Departament d'Estudis Anglesos i Alemanys, Universitat Rovira i Virgili, Tarragona 43002, Spain.
Institut für Psychologie, Humboldt-Universitat zu Berlin, Berlin 10099, Germany.
Proc Natl Acad Sci U S A. 2023 Dec 19;120(51):e2309583120. doi: 10.1073/pnas.2309583120. Epub 2023 Dec 13.
Humans are universally good in providing stable and accurate judgments about what forms part of their language and what not.
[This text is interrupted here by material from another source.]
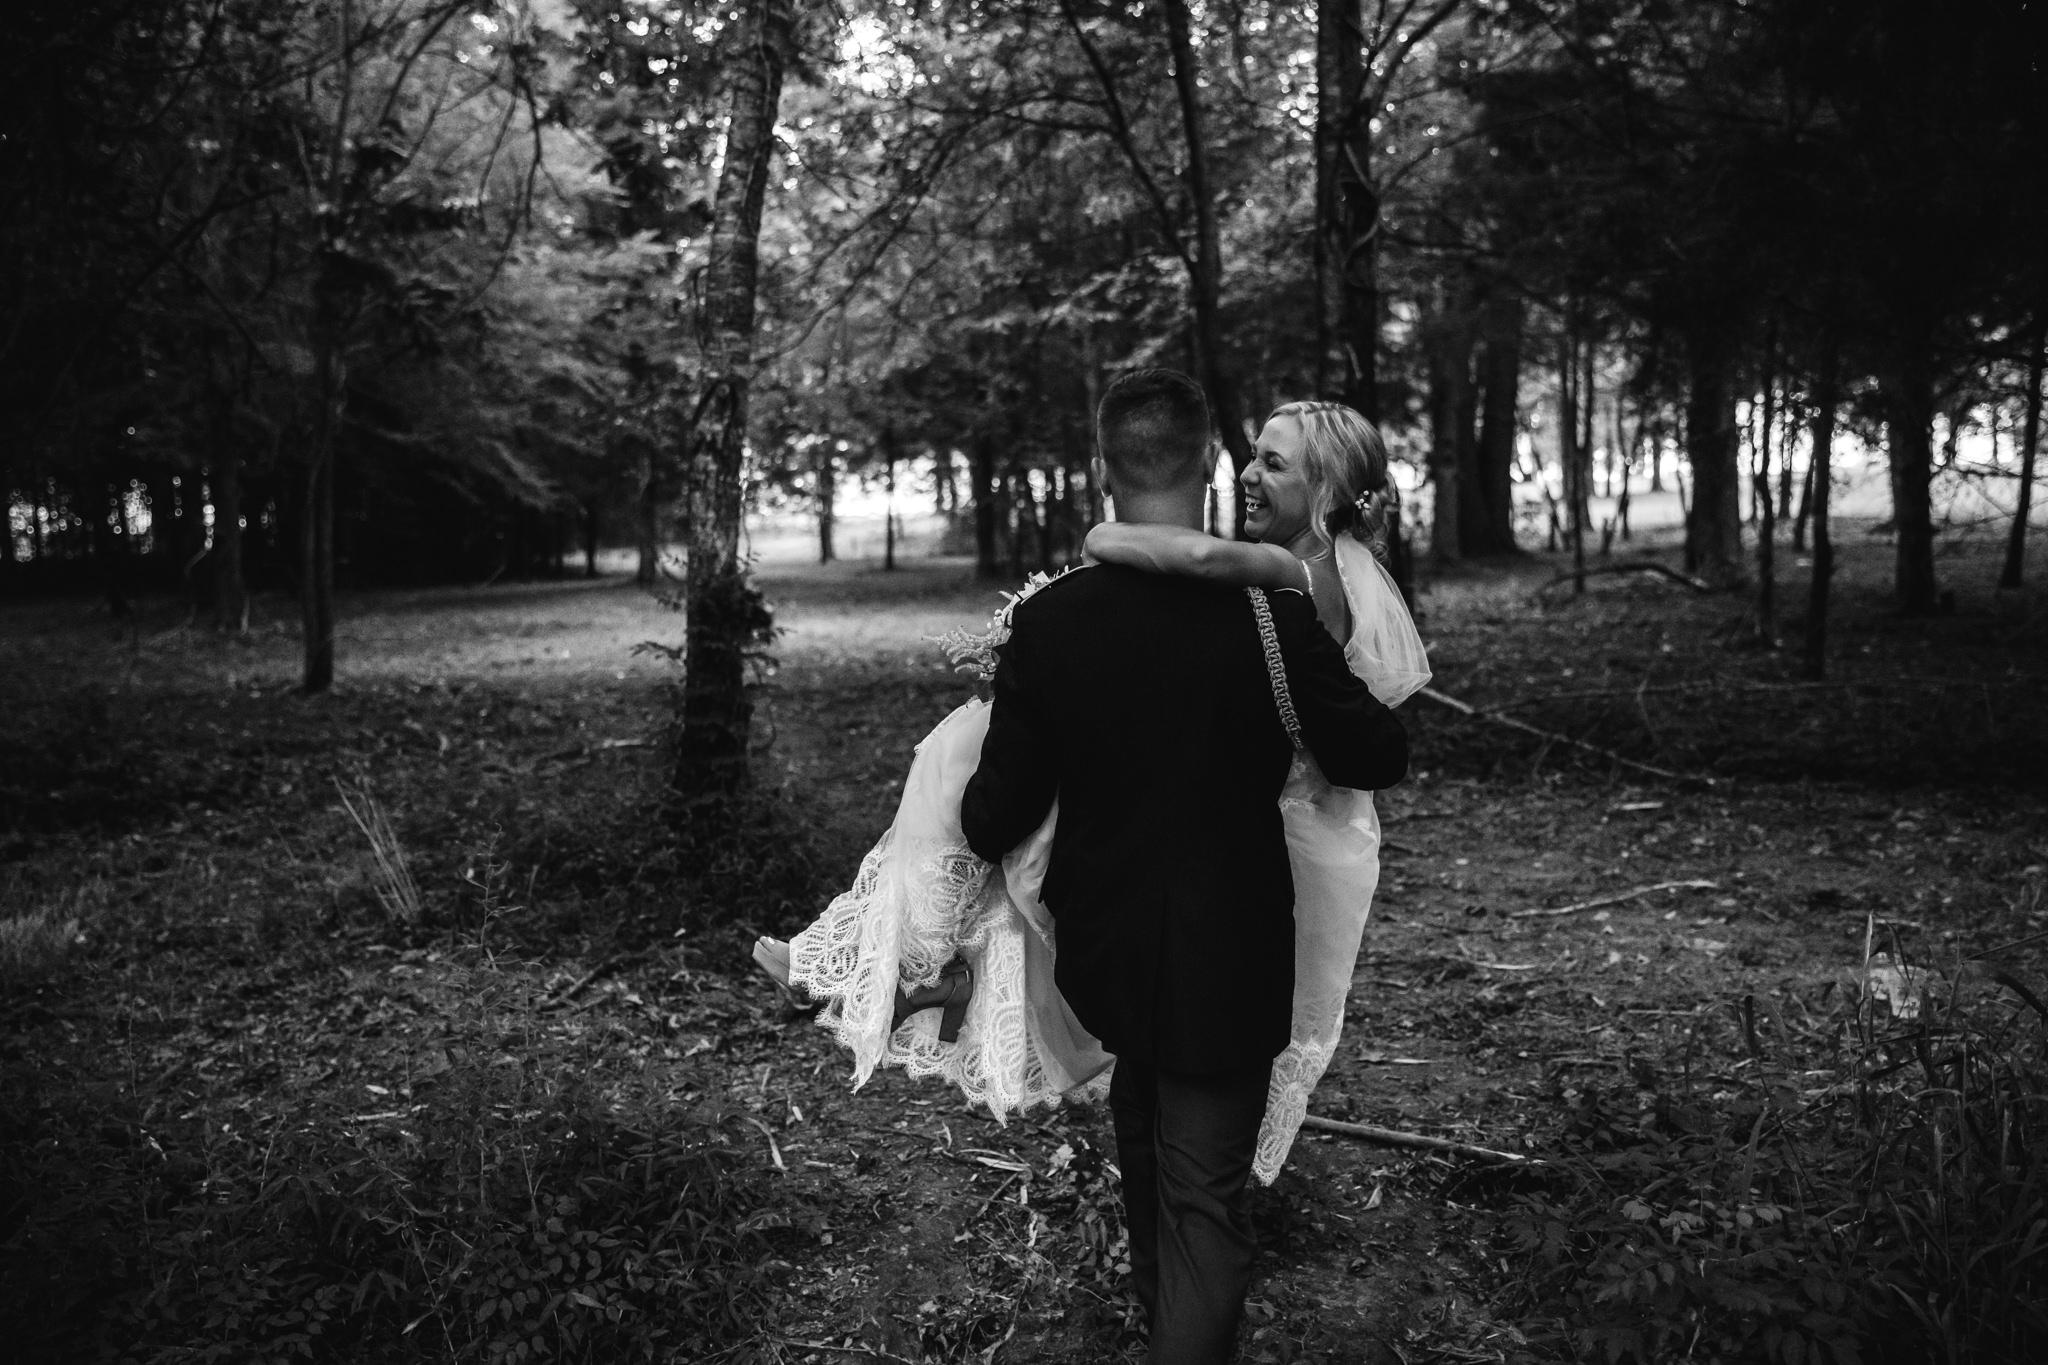 backyard-wedding-thewarmtharoundyou-lexy-branson-6-2.jpg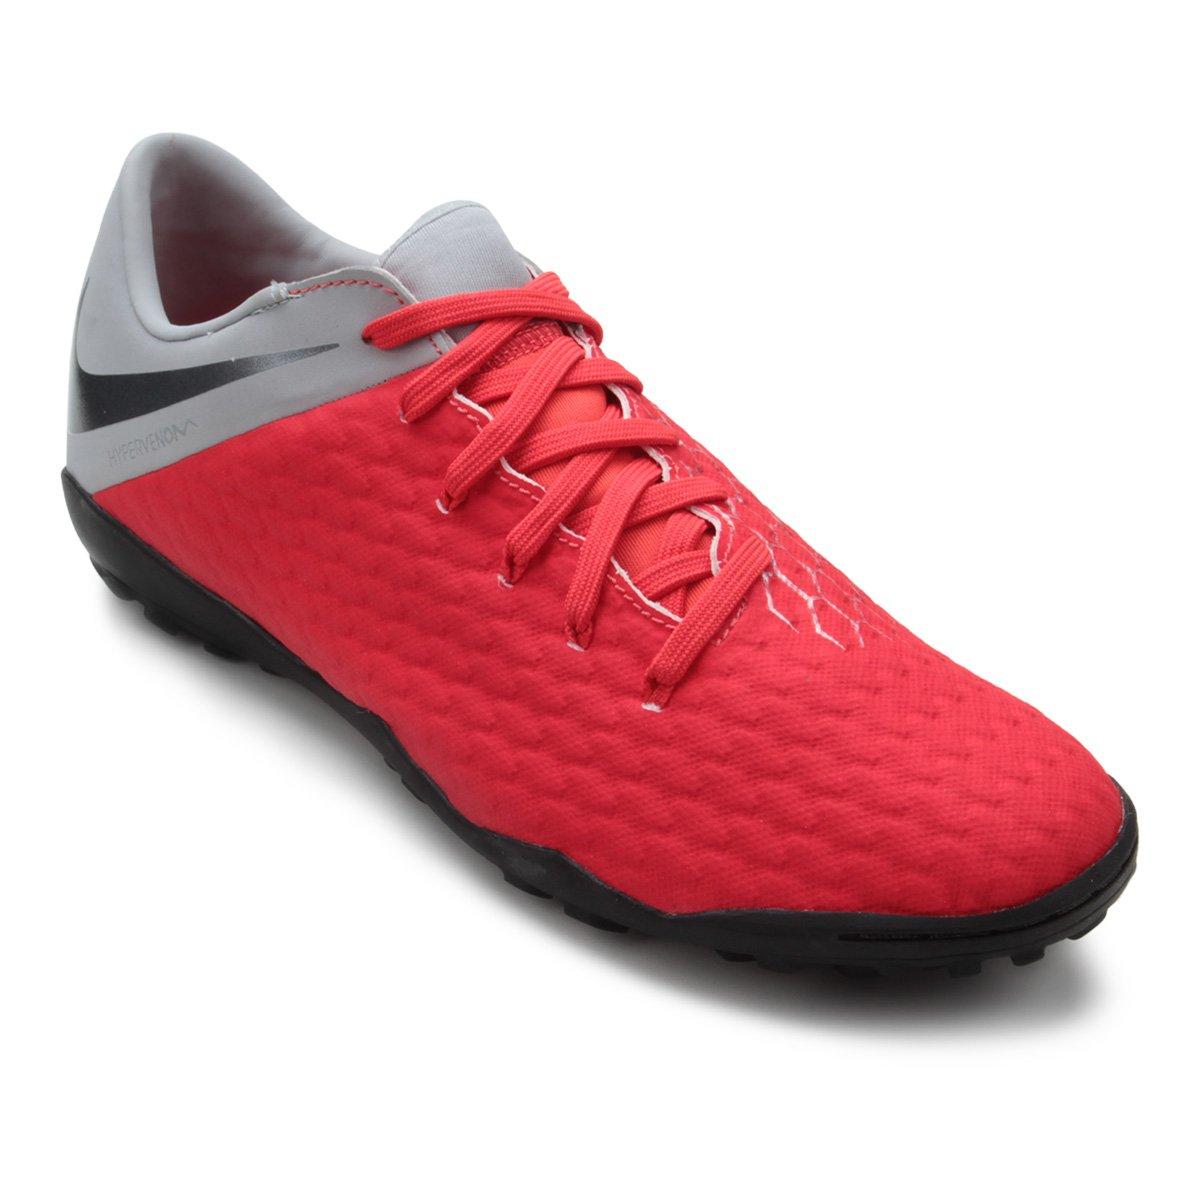 78da672126 Vermelho TF Society Nike Academy 3 Masculina Nike Chuteira Chuteira Society  Hypervenom vwwPA4q ...

Large Language Models (LMs) are claimed to possess human-like language abilities; hence, they are expected to emulate this behavior by providing both stable and accurate answers, when asked whether a string of words complies with or deviates from their next-word predictions. This work tests whether stability and accuracy are showcased by GPT-3/text-davinci-002, GPT-3/text-davinci-003, and ChatGPT, using a series of judgment tasks that tap on 8 linguistic phenomena: plural attraction, anaphora, center embedding, comparatives, intrusive resumption, negative polarity items, order of adjectives, and order of adverbs. For every phenomenon, 10 sentences (5 grammatical and 5 ungrammatical) are tested, each randomly repeated 10 times, totaling 800 elicited judgments per LM (total n = 2,400). Our results reveal variable above-chance accuracy in the grammatical condition, below-chance accuracy in the ungrammatical condition, a significant instability of answers across phenomena, and a yes-response bias for all the tested LMs. Furthermore, we found no evidence that repetition aids the Models to converge on a processing strategy that culminates in stable answers, either accurate or inaccurate. We demonstrate that the LMs' performance in identifying (un)grammatical word patterns is in stark contrast to what is observed in humans (n = 80, tested on the same tasks) and argue that adopting LMs as theories of human language is not motivated at their current stage of development.
人类在判断哪些是自己语言的一部分,哪些不是时,普遍表现出稳定且准确的能力。大型语言模型(LM)被认为具有类似人类的语言能力;因此,当被问及一个单词序列是否符合或偏离其下一个单词的预测时,它们应该表现出稳定且准确的回答。本研究通过一系列判断任务来检验 GPT-3/text-davinci-002、GPT-3/text-davinci-003 和 ChatGPT 是否具有稳定性和准确性,这些任务涉及 8 种语言现象:复数吸引、照应、中置、比较、插入式重复、否定极性项、形容词顺序和副词顺序。对于每种现象,测试 10 个句子(5 个语法正确,5 个语法错误),每个句子随机重复 10 次,每个 LM 共测试 800 个诱发判断(总 n = 2,400)。我们的研究结果显示,在语法条件下,这些模型的准确率高于随机水平,而在语法错误条件下,准确率低于随机水平,答案在不同现象之间存在显著的不稳定性,并且所有测试的 LM 都存在肯定回答的偏差。此外,我们没有发现证据表明重复可以帮助模型收敛到一种导致稳定答案的处理策略,无论是准确的还是不准确的。我们证明,LM 在识别(不)语法单词模式方面的表现与人类(n = 80,在相同任务上进行测试)的表现形成鲜明对比,并认为在当前的发展阶段,将 LM 作为人类语言的理论是没有依据的。